4 May 2025

How AI Filters Are Silencing LGBTQ+ and Sexual Health Education

It starts with a simple search. A teenager, perhaps in a small town, types “transgender health resources” into a social platform’s search bar. Instead of finding answers, they’re met with a warning, or worse, silence. This isn’t a glitch-it’s the result of algorithmic moderation systems that, in the name of “safety,” are disproportionately filtering out LGBTQ+ and sexual health educational content.

AI moderation systems often flag words like “gay,” “lesbian,” and “transgender” even in non-explicit contexts

This phenomenon is not just anecdotal. Researchers and advocacy groups have documented a pattern: AI moderation systems, designed to weed out explicit or harmful material, routinely flag, suppress, or demonetize content that uses terms like “gay,” “lesbian,” or “transgender”-even when the context is purely educational or supportive.

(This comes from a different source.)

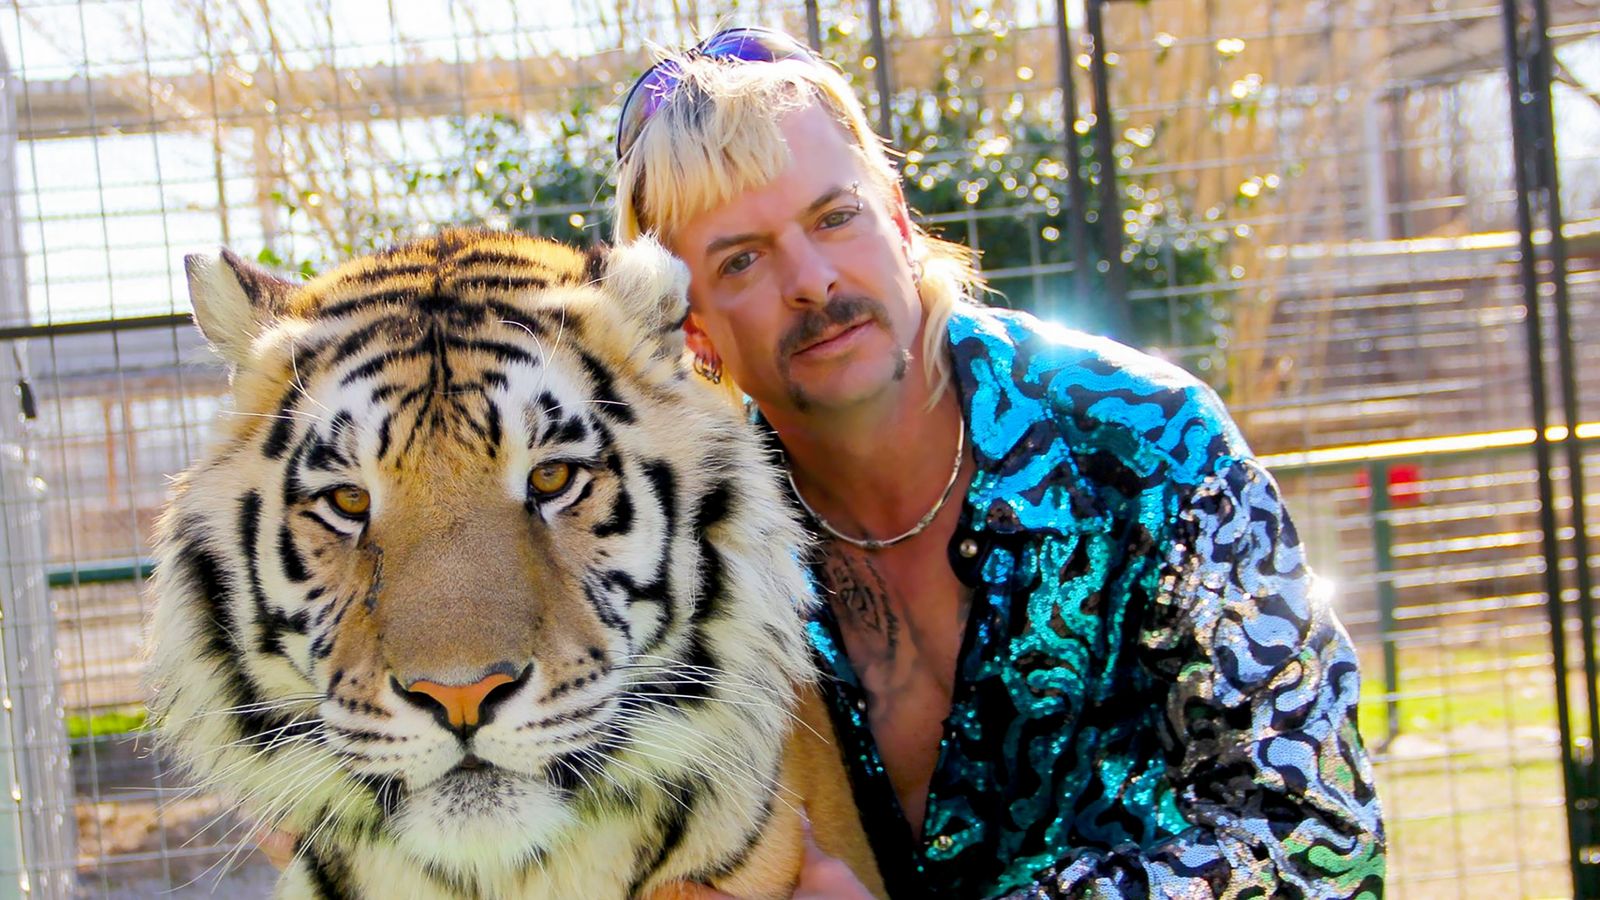 La condanna di Joe Exotic di Tiger King è stata abbreviata per omicidio a pagamento |  Notizie dagli Stati Uniti

Jenni Olson, a senior director at GLAAD, put it bluntly: “If you don’t have LGBT people, people of color at the table giving the inputs to the AI systems, then they will be racist and homophobic and so on.” This insight, cited in Nouh J. Sepulveda’s 2025 analysis of algorithmic bias, underscores a core problem: these systems often reflect the prejudices baked into their training data, or the blind spots of those who build them.

A pay-walled 2025 feature in Nature Portfolio describes how “AI safety filters often result in the unintended censorship of LGBTQ+ content, and even neutral terms like ‘transgender’ can trigger content warnings.” The result? Crucial information about sexual health, HIV prevention, or gender-affirming care is swept up in the same net as genuinely explicit material.

The consequences are far-reaching. According to a report by Forbidden Colours, automated filters have caused words like “gay” and “lesbian” to trigger demonetization or outright removal, regardless of context. This not only silences LGBTQ+ voices but also reinforces the harmful stereotype that queer identities are inherently inappropriate.

LGBTQ+ creators face higher rates of shadowbanning and wrongful account suspensions than their peers

The News is Out project further highlights how these moderation systems “reinforce stereotypes and discrimination,” noting that LGBTQ+ creators and educators face higher rates of shadowbanning and wrongful account suspensions than their non-LGBTQ+ peers.

The irony is stark: platforms claim to protect users, but their algorithms are often denying marginalized communities access to life-saving information and support. As Sepulveda writes, “AI moderation systems unfairly flag LGBTQ+ content as explicit even when it is not,” a reality echoed by research from the Electronic Frontier Foundation and GLAAD.

The solution, experts say, is not to abandon moderation, but to demand transparency, community involvement, and regular auditing for bias. Until then, the digital public square remains uneven-its invisible filters silencing the very voices that need to be heard.